Imaginemos un mundo donde los grandes escritores de ficción nunca tomaron la pluma. ¿Qué habría sido de Julio Cortázar si, en lugar de escribir «Rayuela», hubiera sido un profesor de literatura atrapado en la rutina académica? ¿O de Roberto Bolaño, si se hubiera conformado con ser un vagabundo eterno, sin plasmar sus «Detectives salvajes» en el papel? ¿Qué habría sido de Samuel Beckett si, en lugar de escribir «Esperando a Godot», hubiera sido un oscuro funcionario en una oficina gris? ¿O de Italo Calvino, si se hubiera conformado con ser un ingeniero, calculando estructuras en lugar de tejer «Las ciudades invisibles»?
¿Habrían resistido otra clase de oficio? La escritura, para muchos de ell@s, no era solo una profesión, sino una necesidad vital. Sin embargo, ¿habrían sido más felices en otras ocupaciones? La felicidad es esquiva y no necesariamente se encuentra en el éxito literario. Tal vez Cortázar habría encontrado paz en la enseñanza, o tal vez no. Tal vez Woolf habría encontrado satisfacción en la lucha social, o tal vez no.

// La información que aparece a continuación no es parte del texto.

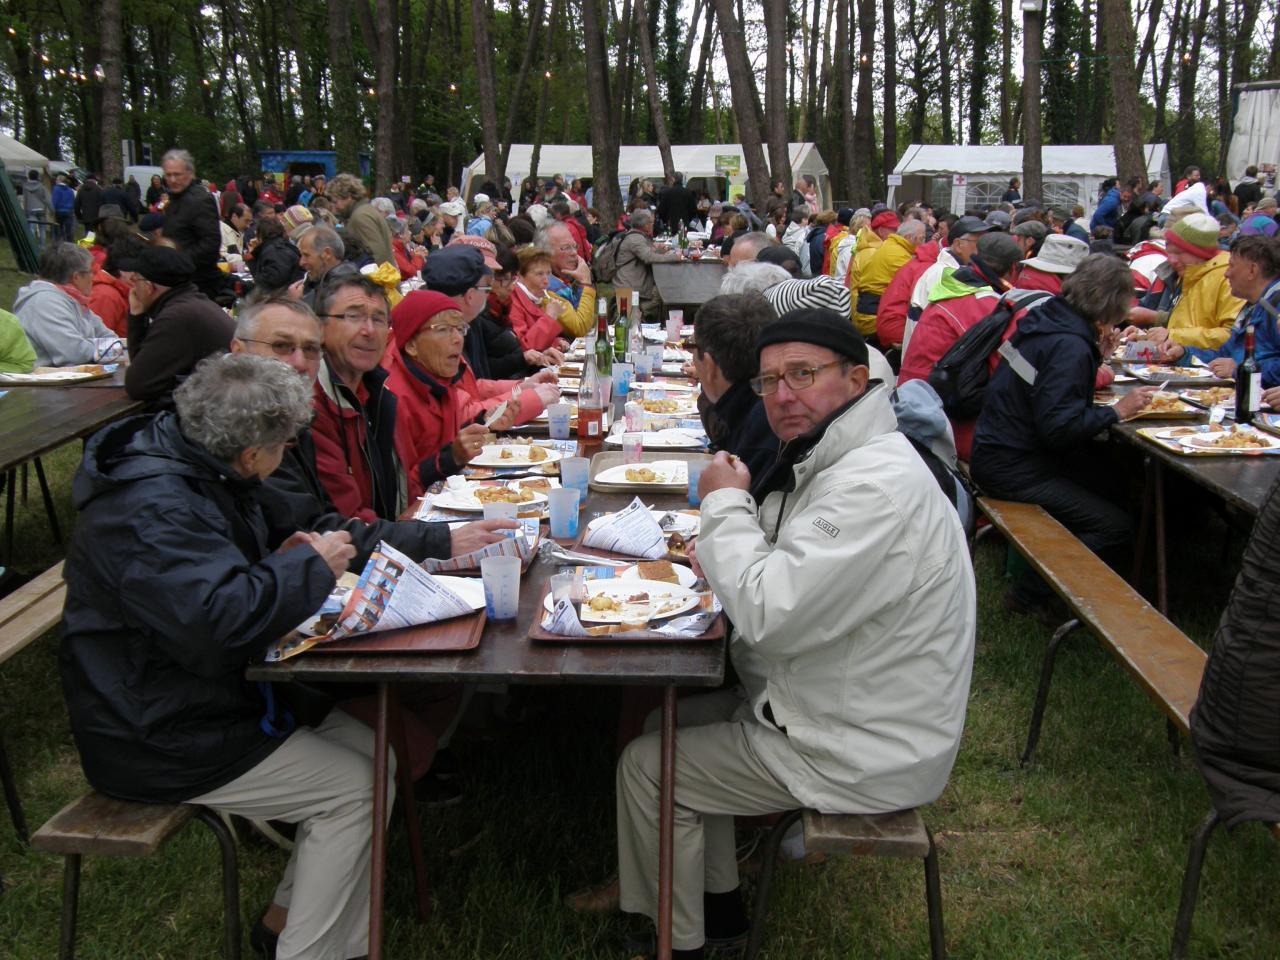 13-05-10-plougoumelen-lougriers-10.jpg

El mundo sin estos escritores sería un lugar más pobre en imaginación y reflexión. Sin Italo Calvino, no tendríamos «Si una noche de invierno un viajero» para perdernos en sus laberintos narrativos. Sin Elena Ferrante, la literatura contemporánea carecería de su aguda exploración de la identidad y la amistad femenina. Sin Haruki Murakami, no tendríamos sus mundos oníricos y surrealistas. Estos autores nos han marcado profundamente, no solo por sus historias, sino por la manera en que nos han hecho ver el mundo. La literatura, al final, es un espejo de nuestra humanidad, un reflejo distorsionado pero revelador de nuestras propias vidas.